Added to the physical violence and separation from families, the enslaved endured a cultural genocide as they were forced to renounce their religious beliefs, languages, names, rituals and customs. They were continuously degraded and dehumanised. All policies of the planters and slave traders were designed to oppress these enslaved Africans.

These intolerable conditions in the West Indies fuelled the revolts and revolutions. The hearts of these wounded and brave slaves burned with anger and rage. Men and women such as Toussaint L’Ouverture, Boukman, Nanny, Cuffy and Daaga ignited the fires of freedom in the hearts of the enslaved and so were the real Caribbean emancipators.
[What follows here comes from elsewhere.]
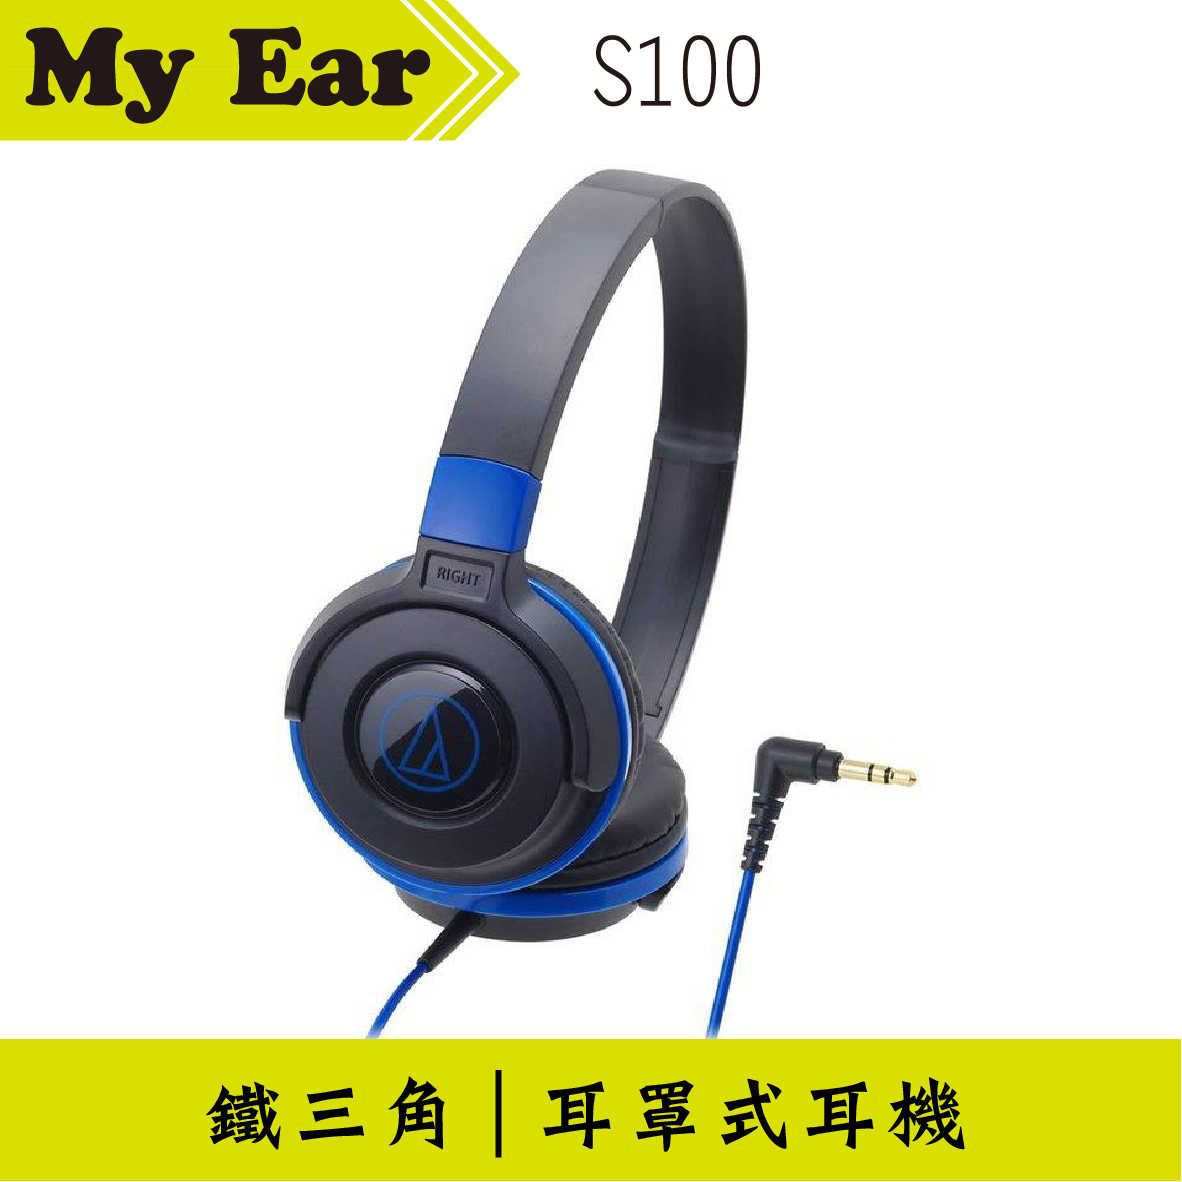 鐵三角 ATH-S100 耳罩式耳機 黑藍色 | My Ear 耳機專門店
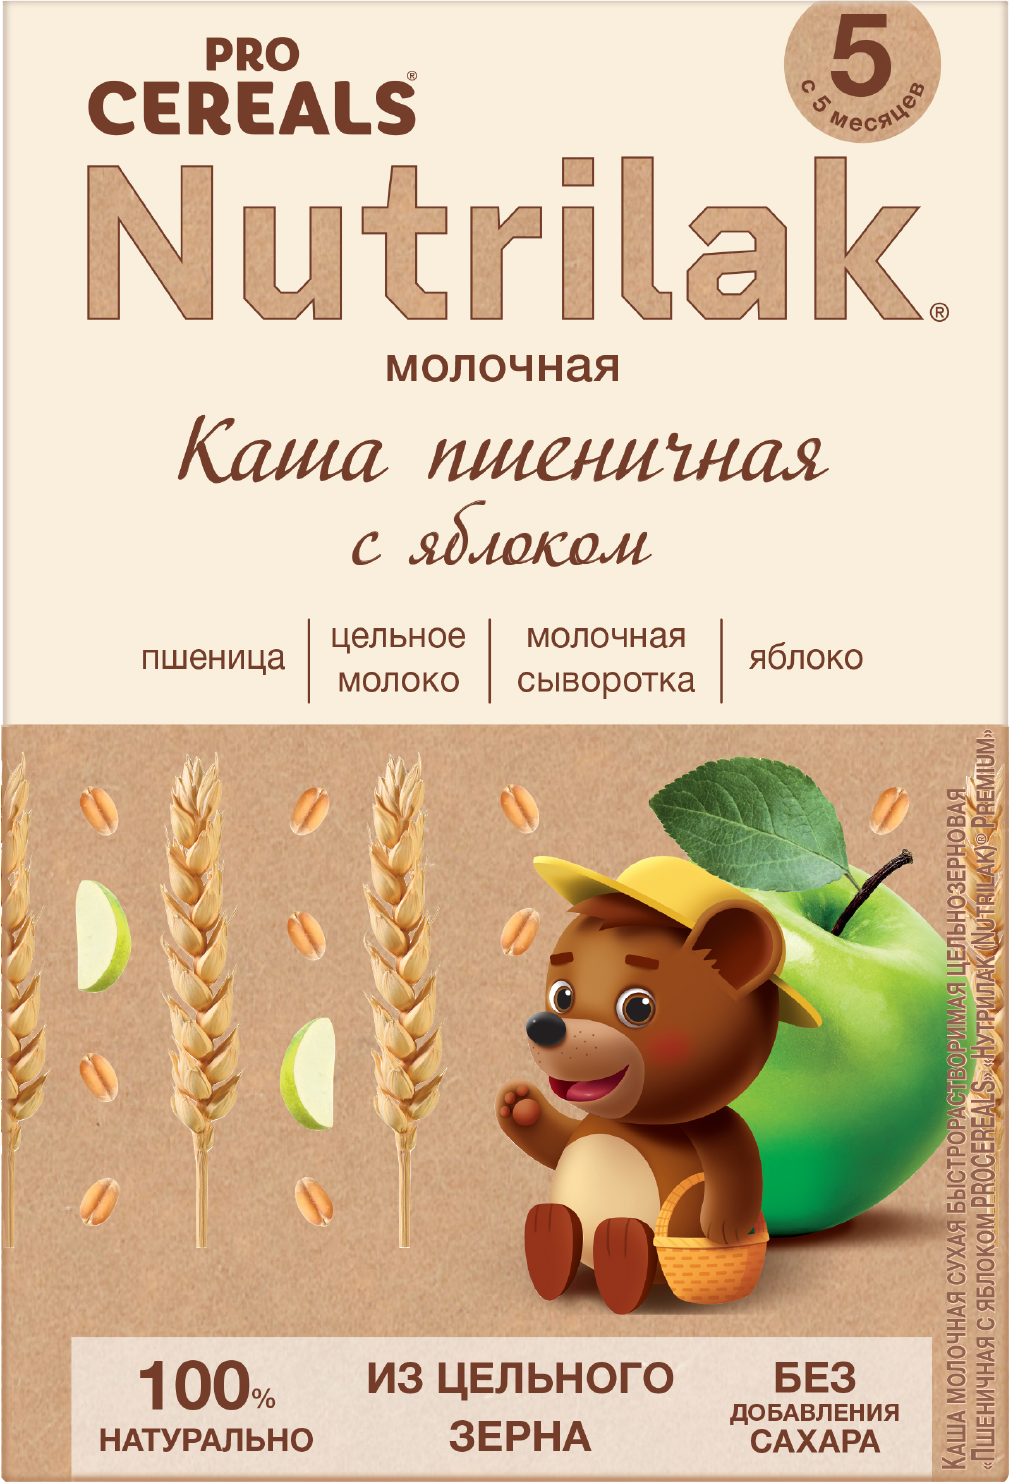 Каша пшеничная с яблоком Nutrilak Premium Pro Cereals цельнозерновая молочная, 200гр - фото №13

The emancipation of enslaved Africans was a gradual process which eventually culminated in the passage of the Emancipation Bill in the British Parliament in 1833 by Thomas Buxton. Freedom was finally achieved after more than two centuries of continuous struggles. The cost of freedom was borne by the forgotten African martyrs whose blood, tears and sweat mixed with the fertile Caribbean soil and created kings of sugar, coffee and cocoa.

The Emancipation Act became effective on August 1, 1834, yet gave only partial dignity and freedom. The dreaded apprenticeship system was then introduced as a transition to freedom. The ex-slaves would be apprenticed to their former masters for six years. However, violent protests from these apprentices forced the House of Assembly (the governing body in each country, similar to our Parliament) to reduce the apprenticeship term to four years. At this time Trinidad had a population of approximately 17,000 slaves, which was small when compared to Jamaica with 254,000 or British Guiana with 70,000 slaves.

In Trinidad, on August 1, 1834, thousands of enraged slaves entered Port of Spain and assembled at Government House (later to be the site of the Treasury). This protest alarmed governor George Hill and he sought assistance from the militia. After six days of protests, in which ex-slaves were flogged and jailed, the governor reluctantly decided that complete freedom would be granted on August 1, 1838.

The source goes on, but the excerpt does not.